| Supplied data |
┌────────

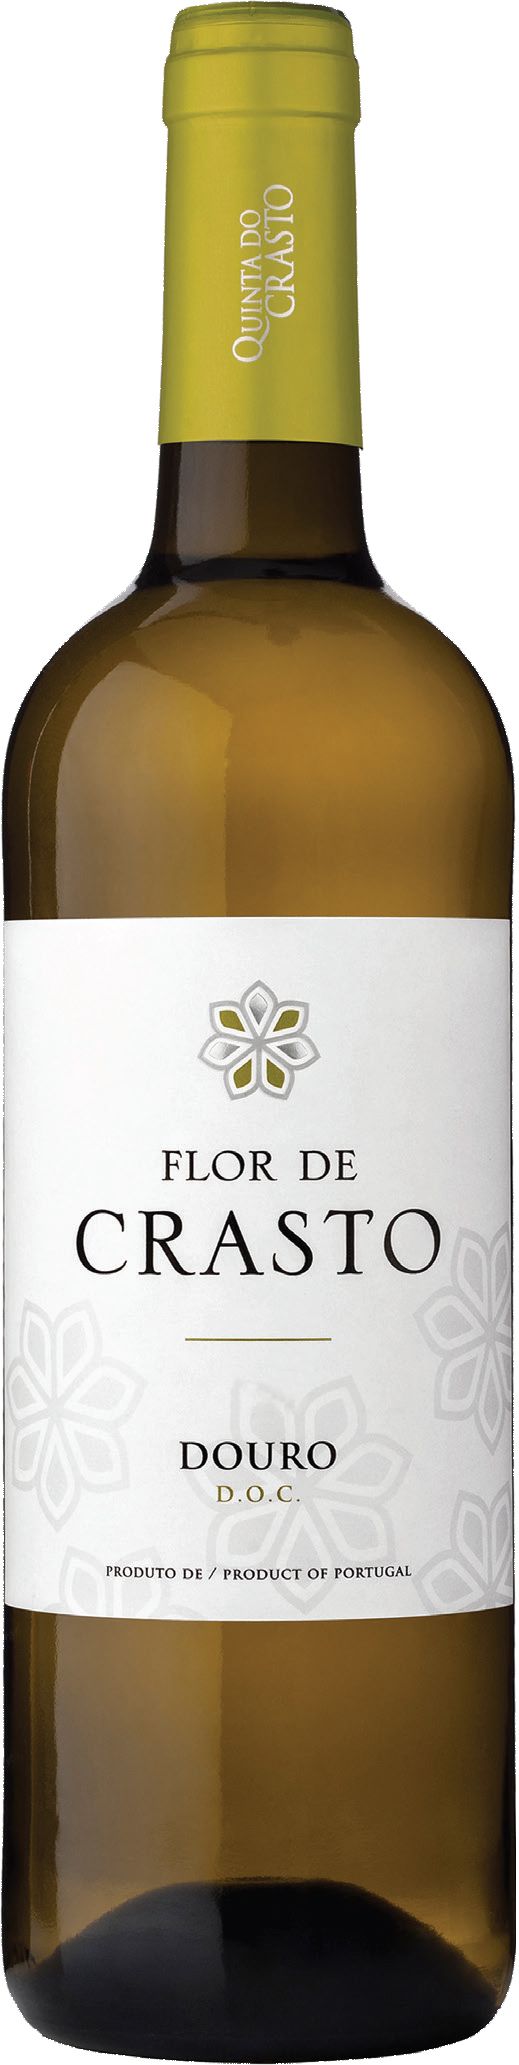 Quinta Do Crasto, Flor De Crasto Branco, 2018
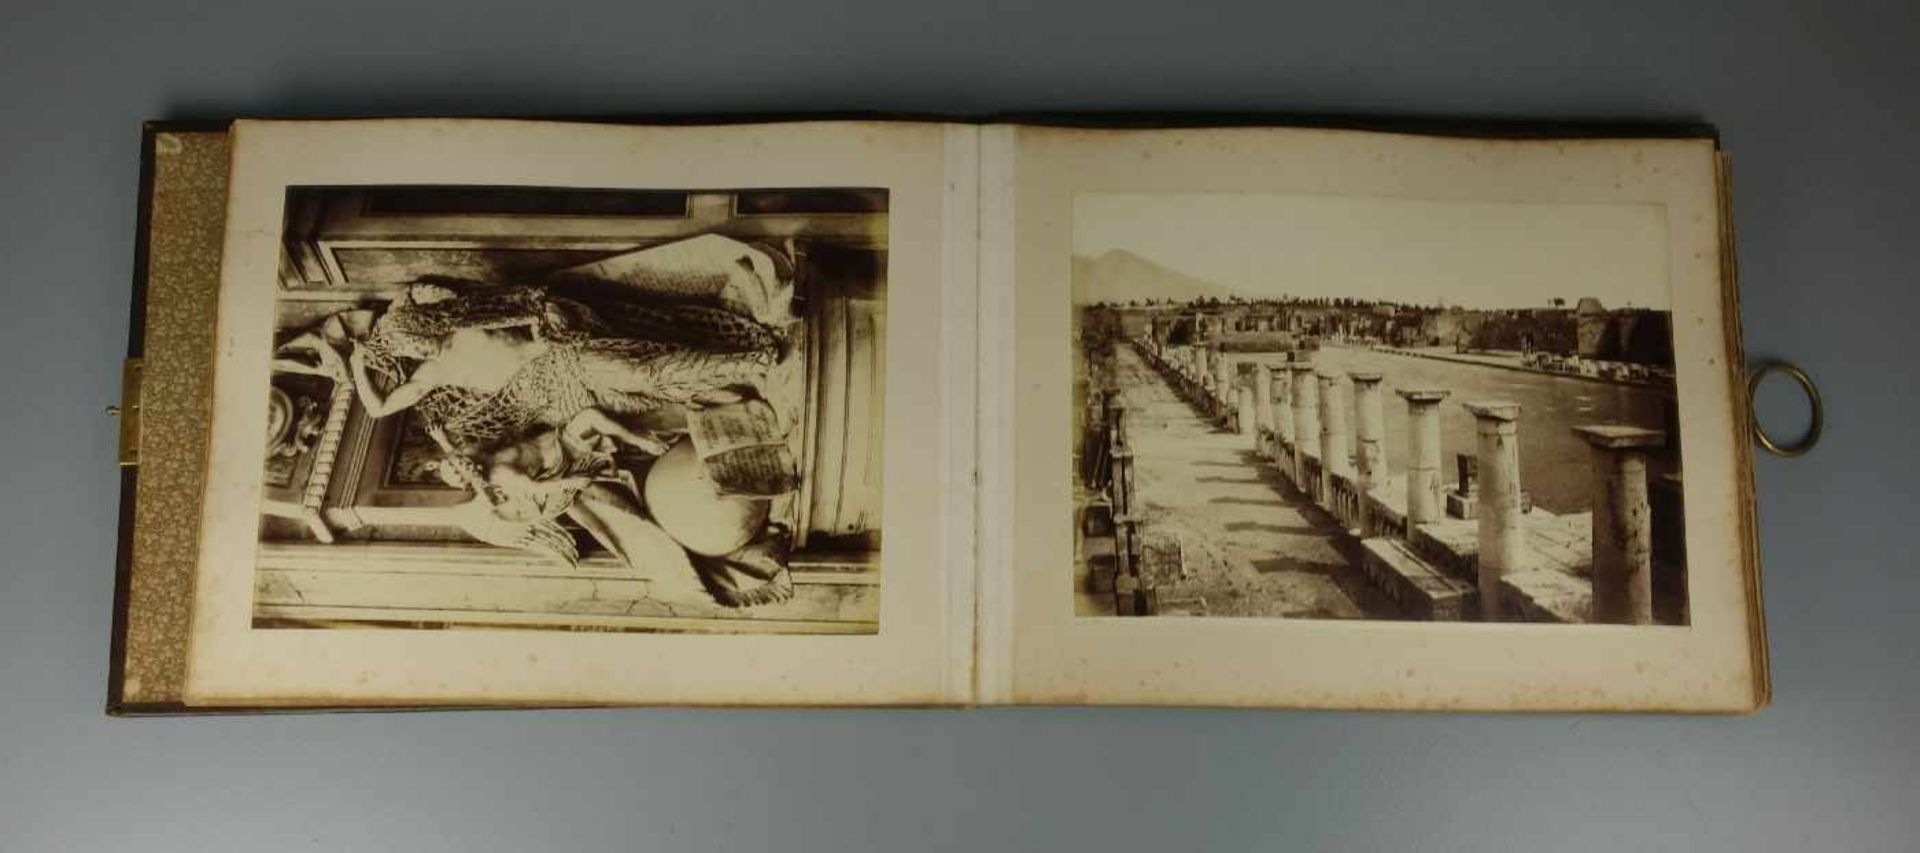 FOTOALBUM "ERINNERUNGEN AN NEAPEL1884", in Leder gebunden. Über 65 Fotografische und - Image 3 of 3
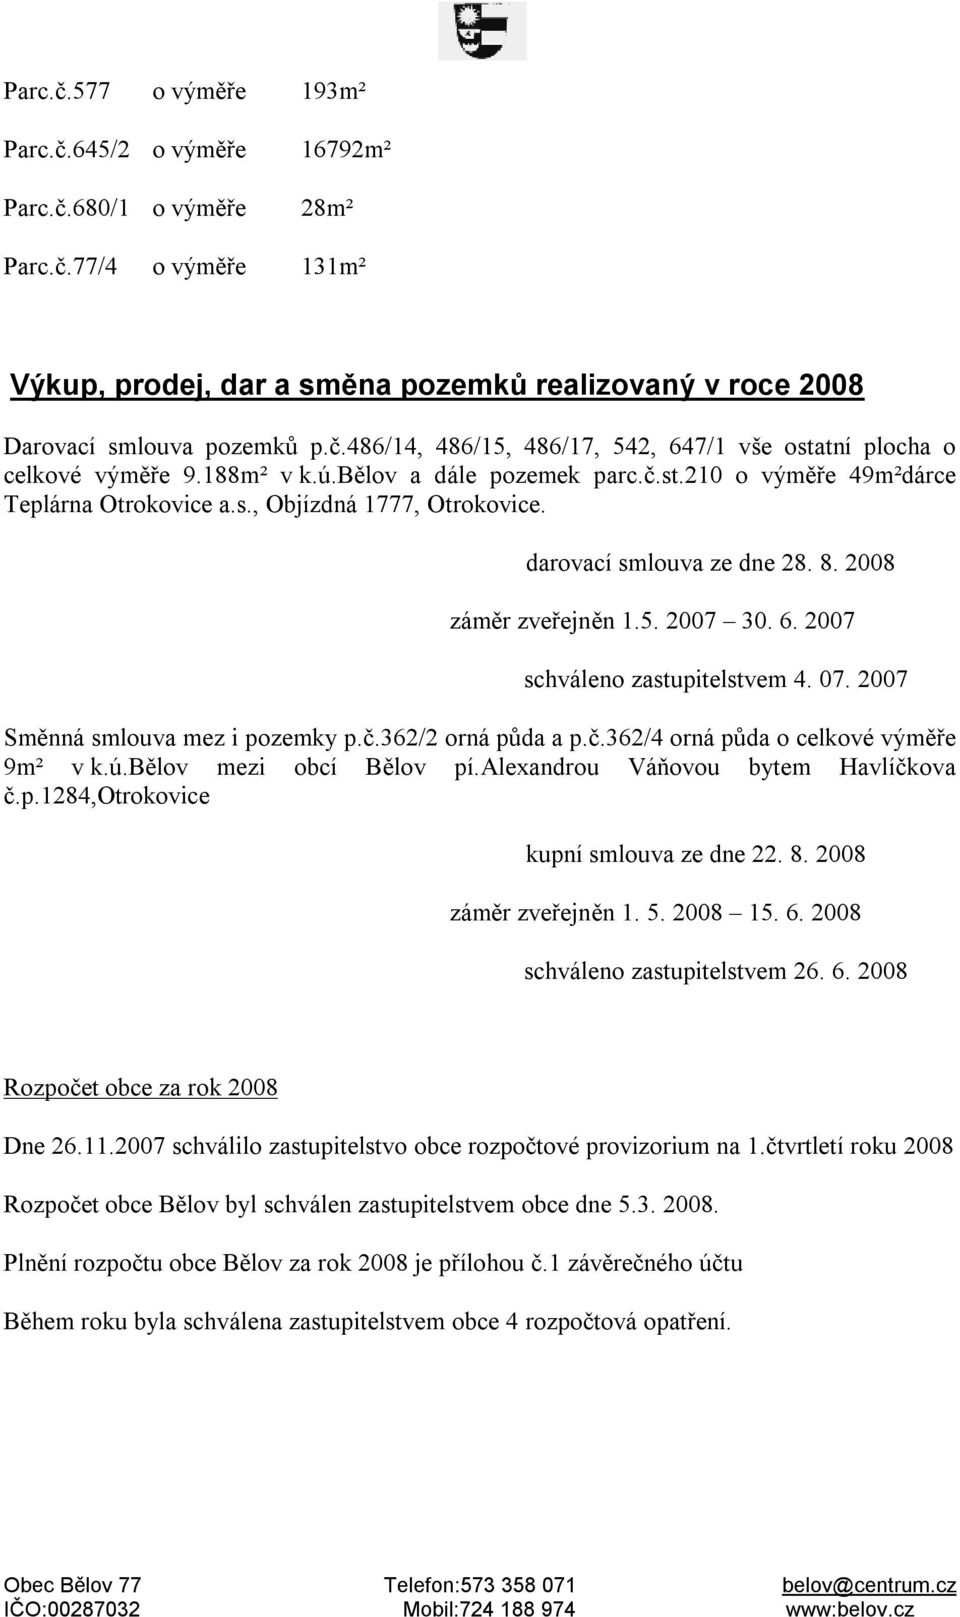 2007 schváleno zastupitelstvem 4. 07. 2007 Směnná smlouva mez i pozemky p.č.362/2 orná půda a p.č.362/4 orná půda o celkové výměře 9m² v k.ú.bělov mezi obcí Bělov pí.

└────────

| Instructions to follow |
Output the data above exactly. Drop every picture.

| Completed task |
 Quinta Do Crasto, Flor De Crasto Branco, 2018
 FOTOALBUM "ERINNERUNGEN AN NEAPEL1884", in Leder gebunden. Über 65 Fotografische und - Image 3 of 3
 2007 schváleno zastupitelstvem 4. 07. 2007 Směnná smlouva mez i pozemky p.č.362/2 orná půda a p.č.362/4 orná půda o celkové výměře 9m² v k.ú.bělov mezi obcí Bělov pí.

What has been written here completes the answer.